Objectives  We sought to assess the presence of betaPV in NMSC biopsies from a group of Scottish skin cancer patients, both immunocompetent (IC) patients and immunosuppressed (IS) organ transplant recipients.
Methods  One hundred and twenty-one paraffin-embedded skin tumours (27 actinic keratosis, 41 intraepidermal carcinoma, 53 squamous cell carcinoma) and 11 normal skin samples were analysed for the presence of betaPV by a polymerase chain reaction–reverse hybridization assay designed to detect the presence of the 25 known betaPV genotypes.
Results  In IC patients, betaPV was detected in 30 of 59 (51%) tumours and two of 11 (18%) normal skin samples ( P  =   0·046). In IS patients, betaPV was found in 27 of 62 (44%) tumours; no normal skin samples were available for comparison. The most frequently found genotypes were HPV-24, HPV-15 and HPV-38. Of those tumours infected with betaPV, 28 of 57 (49%) were infected with more than one genotype (range 2–8).

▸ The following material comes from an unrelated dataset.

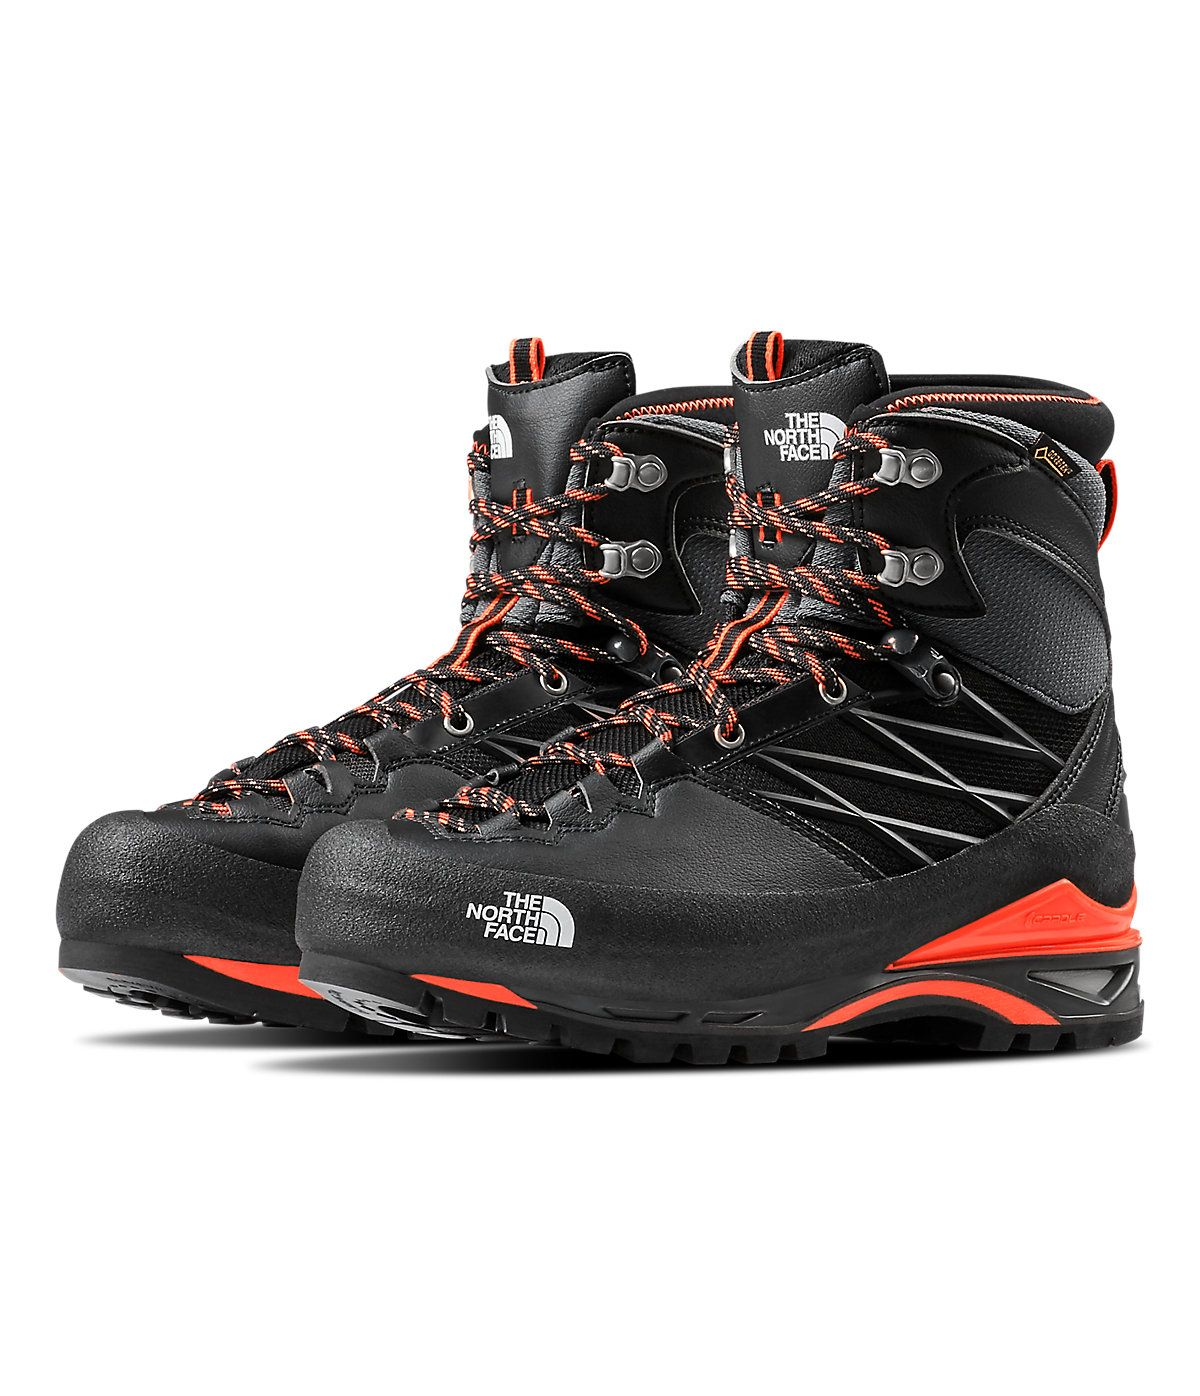 3d546e716 Women's verto s4k gore-tex® boots in 2019 | Products | Gore tex ...

Tumours from IS patients were from a younger age group (mean age 57·4 years) than IC patients (mean age 73·8 years). Multiple infections were more common in tumours from IC patients (21 of 30; 70%) compared with those from IS patients (seven of 27; 26%) ( P  <   0·001). In the IC group, age did not appear to influence the distribution of single and multiple infections whereas in IS patients the proportion of multiple infections to single infections increased with age. There were no multiple infections in normal skin.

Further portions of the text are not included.